> [Requirement]: Using the material below, print a verbatim copy of every line from the one containing "Banque de France.jpg" through the one containing "Vektorkarte von Brooklyn, New", inclusive, and omit the pictures.

> [Dataset content]:
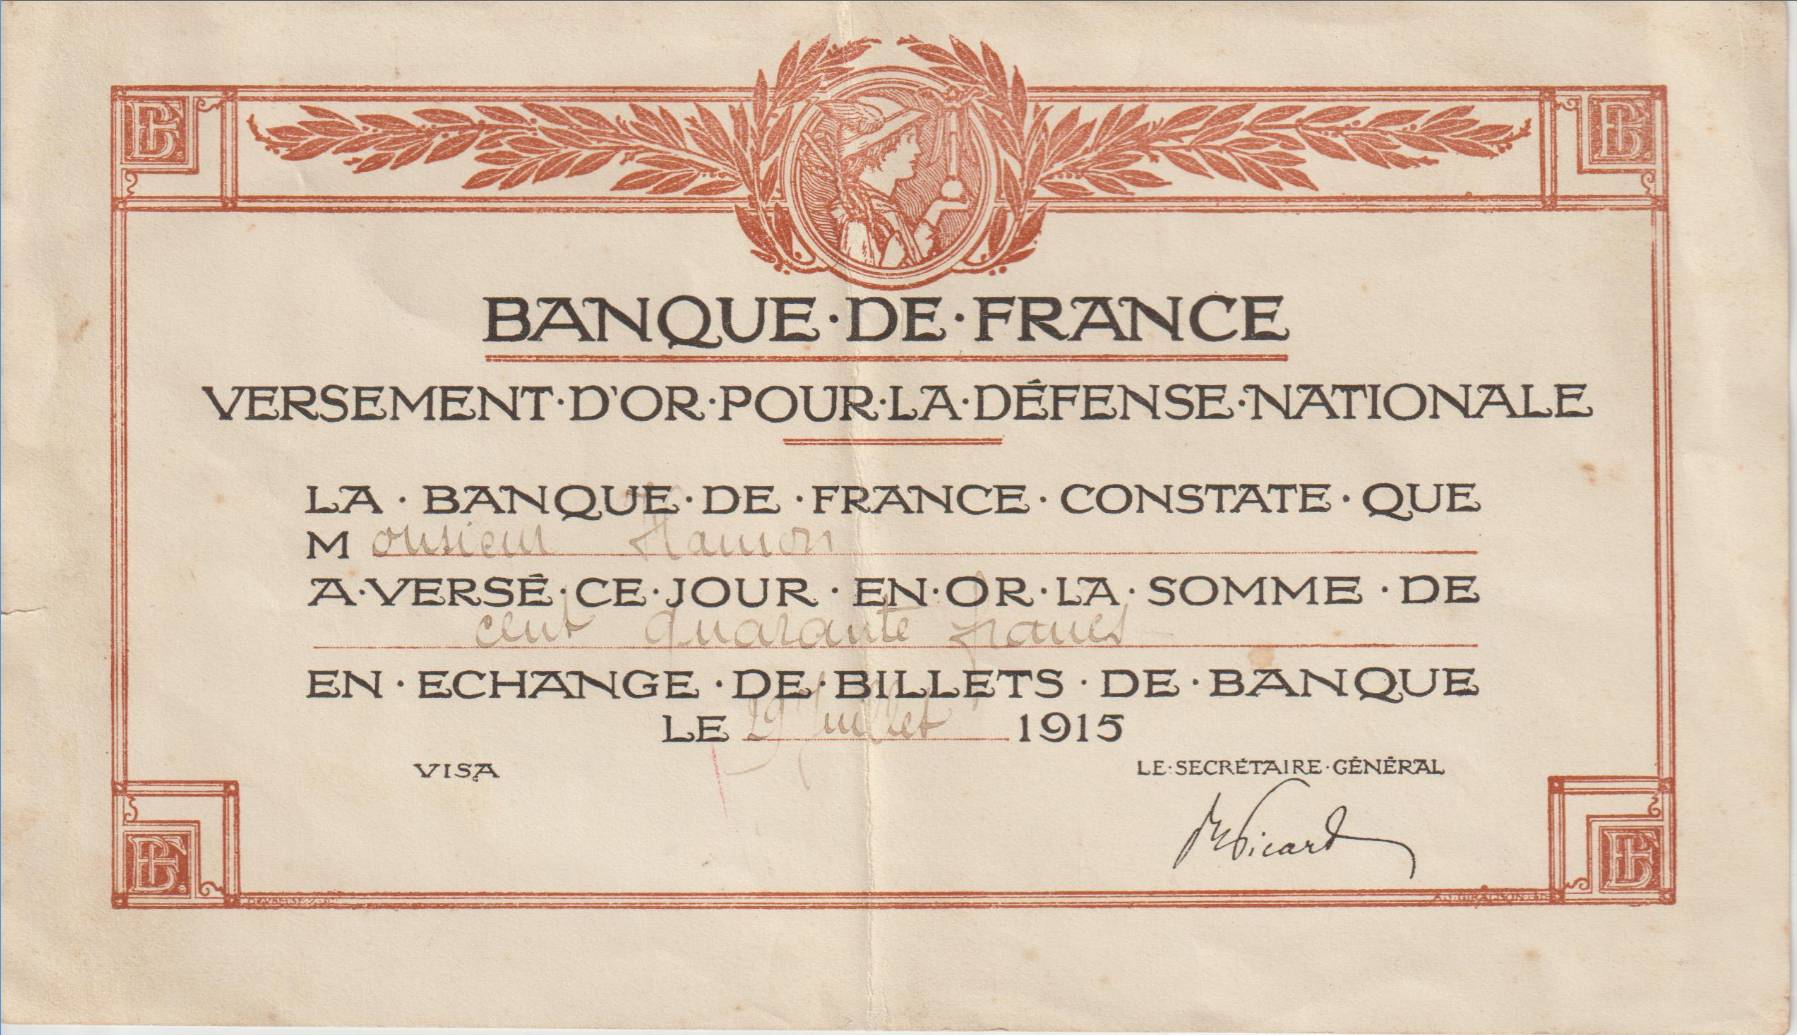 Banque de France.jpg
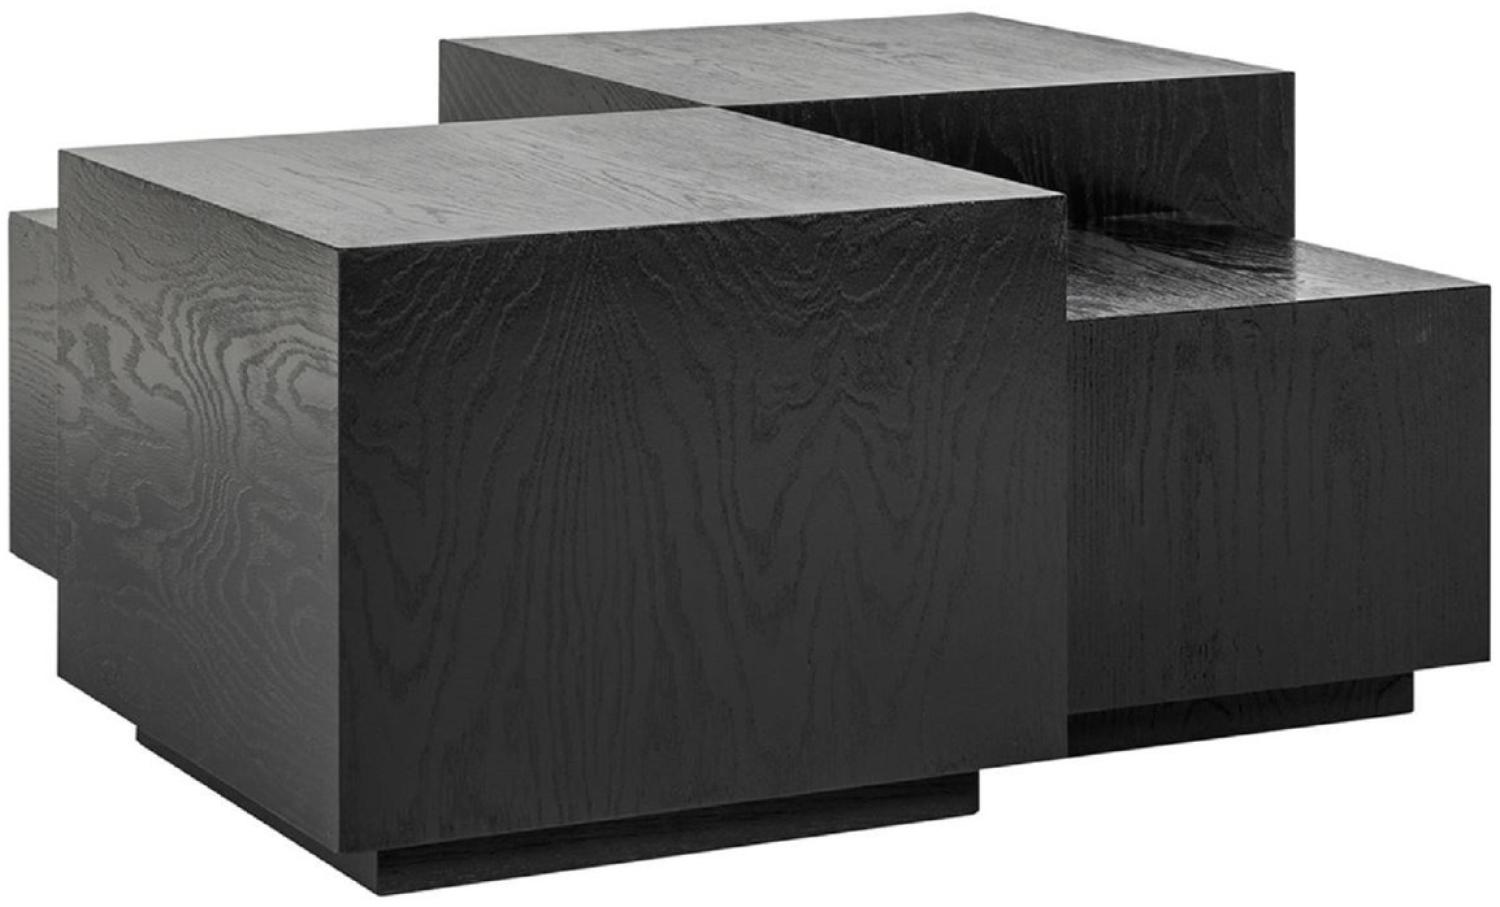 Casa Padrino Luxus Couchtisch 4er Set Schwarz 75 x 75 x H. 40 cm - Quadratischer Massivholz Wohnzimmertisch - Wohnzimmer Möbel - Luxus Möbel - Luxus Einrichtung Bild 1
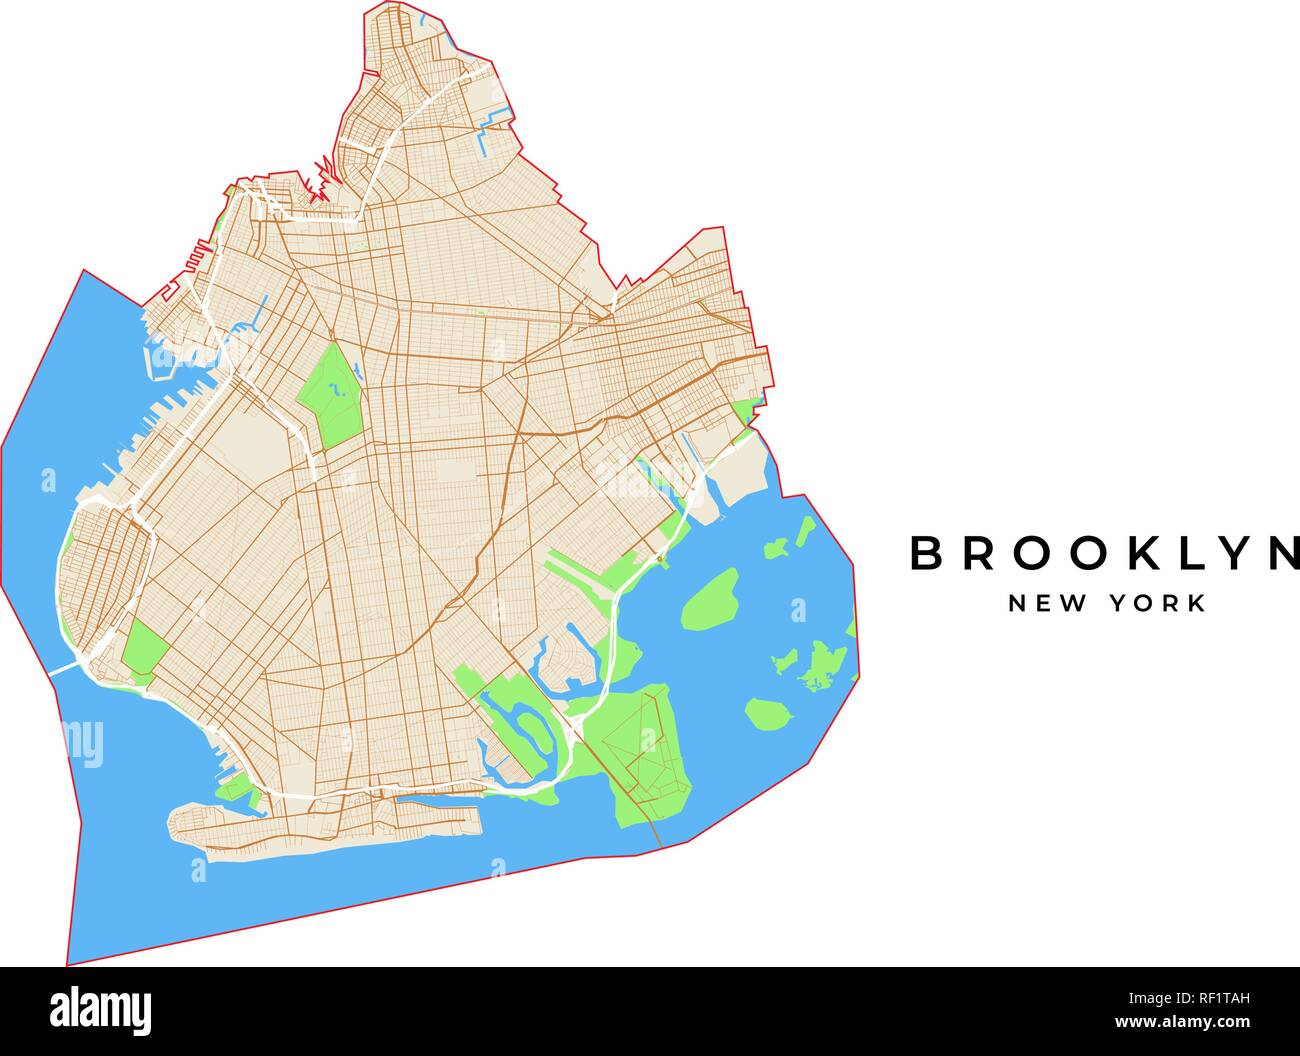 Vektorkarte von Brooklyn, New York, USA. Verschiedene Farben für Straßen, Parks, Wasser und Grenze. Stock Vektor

--

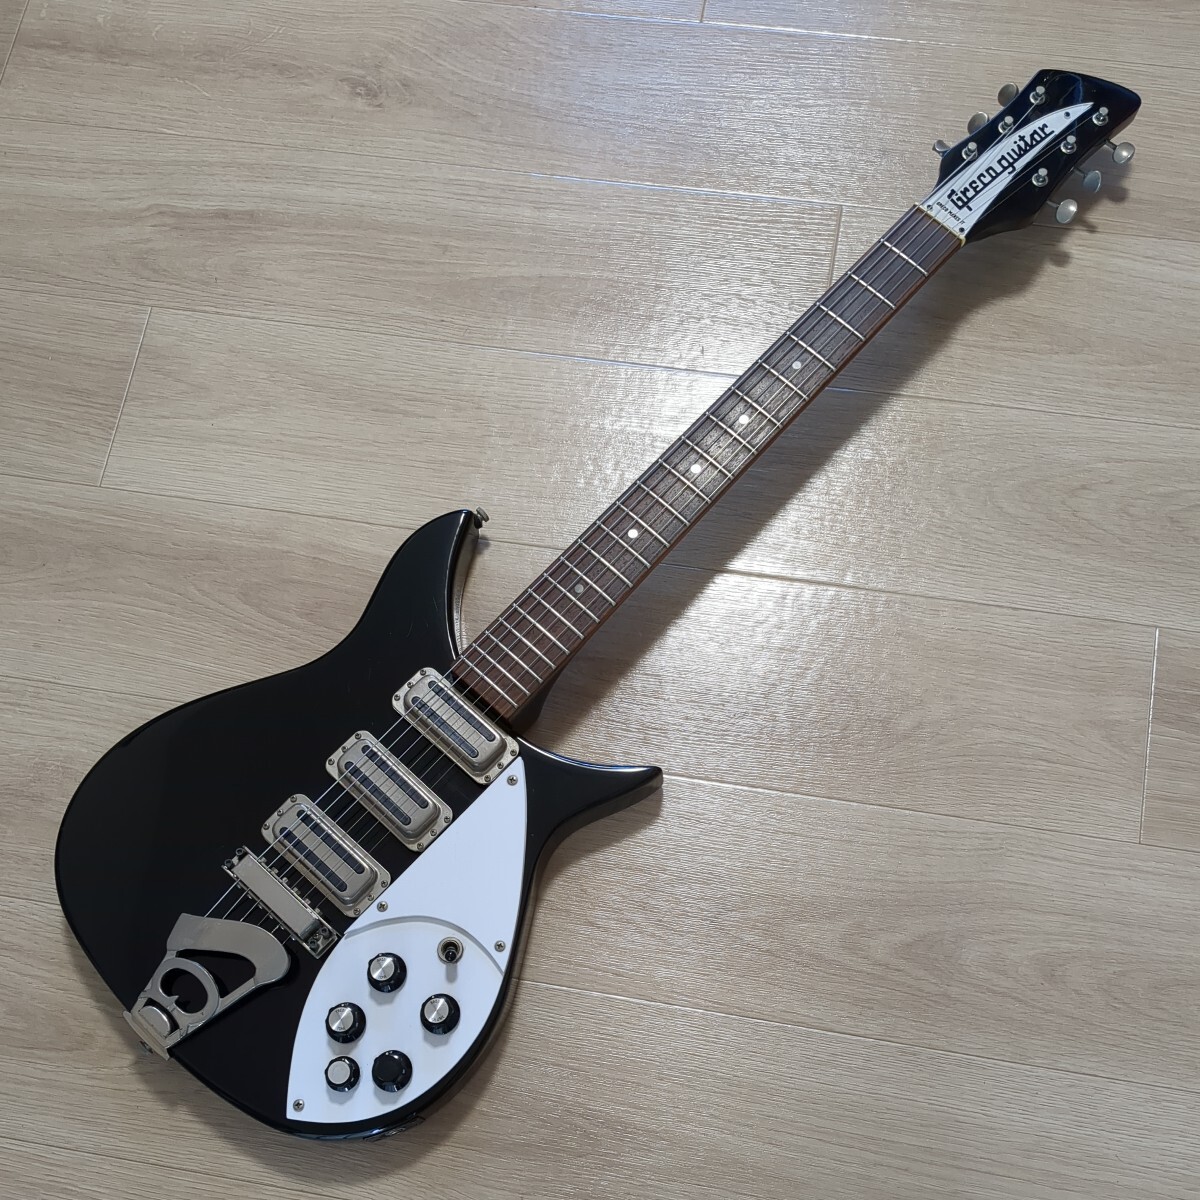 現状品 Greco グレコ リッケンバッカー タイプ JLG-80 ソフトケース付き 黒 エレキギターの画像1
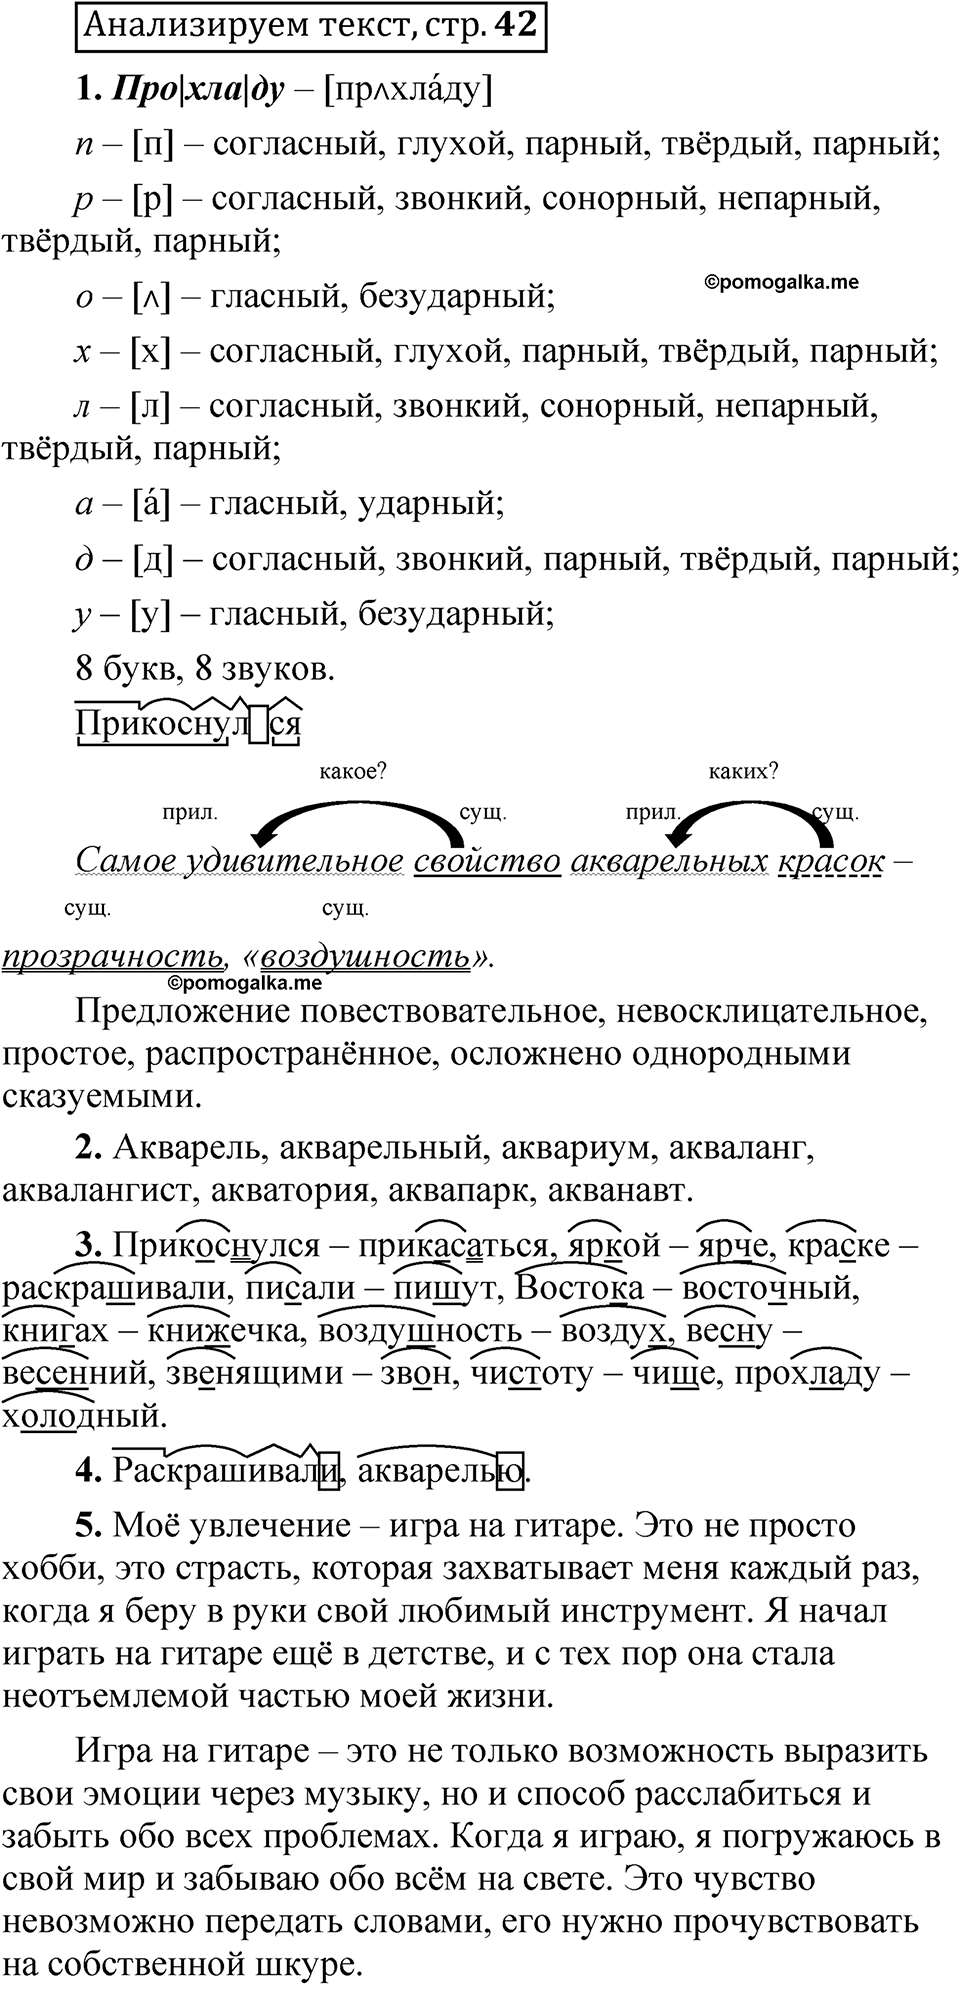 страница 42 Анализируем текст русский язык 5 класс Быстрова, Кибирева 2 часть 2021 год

* * *

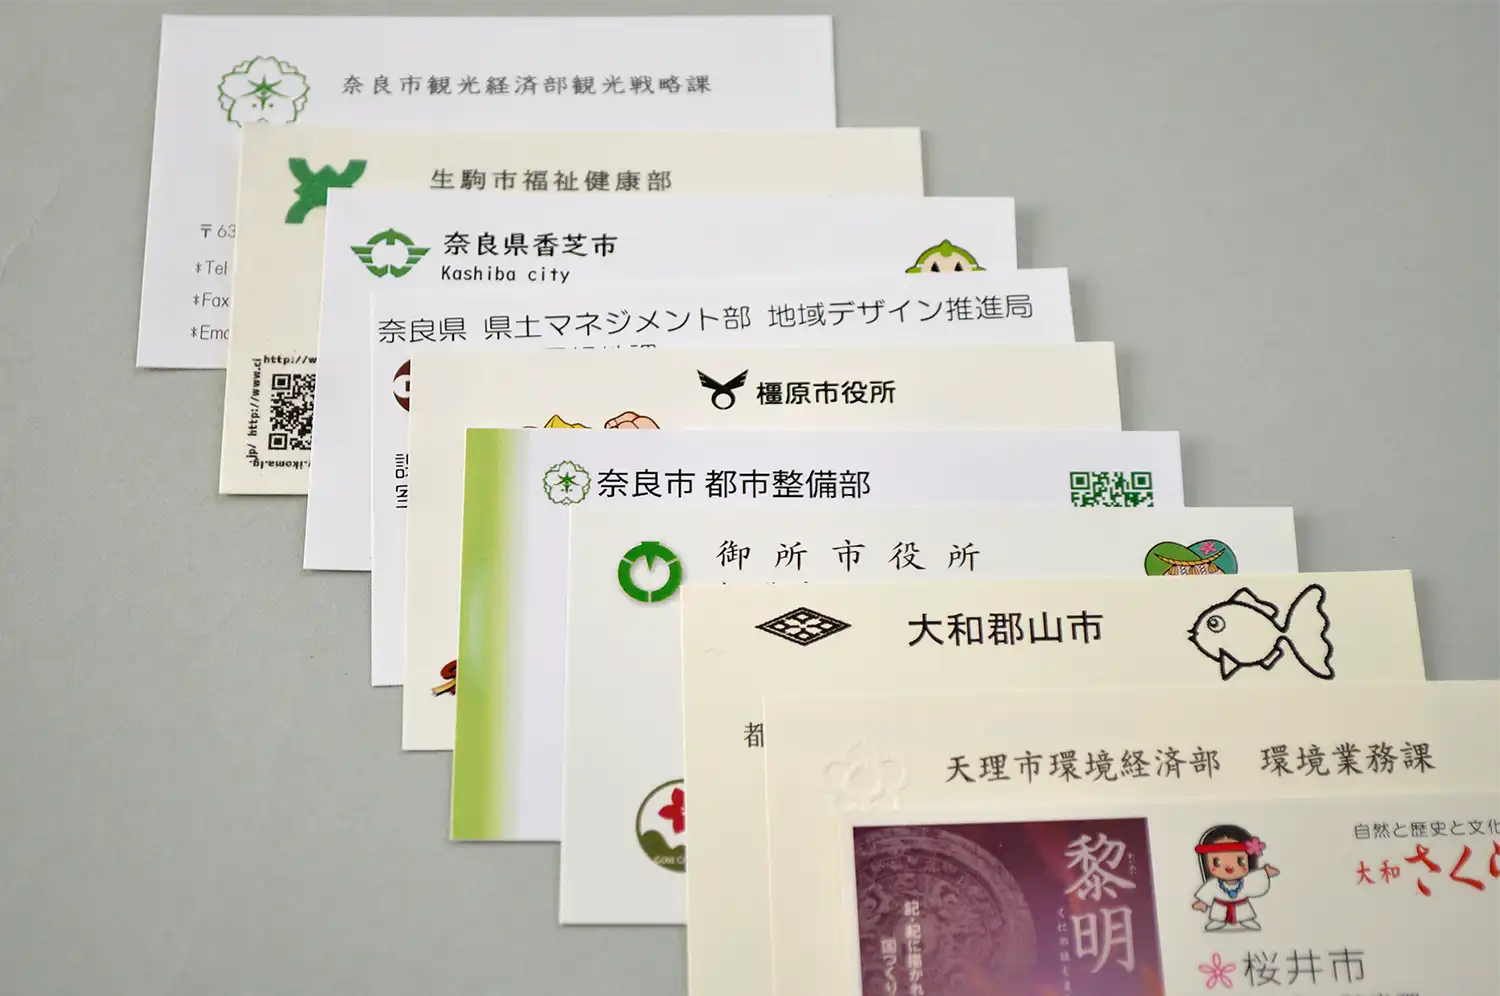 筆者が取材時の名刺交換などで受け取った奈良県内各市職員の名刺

> [Solution]:
 Banque de France.jpg
 Casa Padrino Luxus Couchtisch 4er Set Schwarz 75 x 75 x H. 40 cm - Quadratischer Massivholz Wohnzimmertisch - Wohnzimmer Möbel - Luxus Möbel - Luxus Einrichtung Bild 1
 Vektorkarte von Brooklyn, New York, USA. Verschiedene Farben für Straßen, Parks, Wasser und Grenze. Stock Vektor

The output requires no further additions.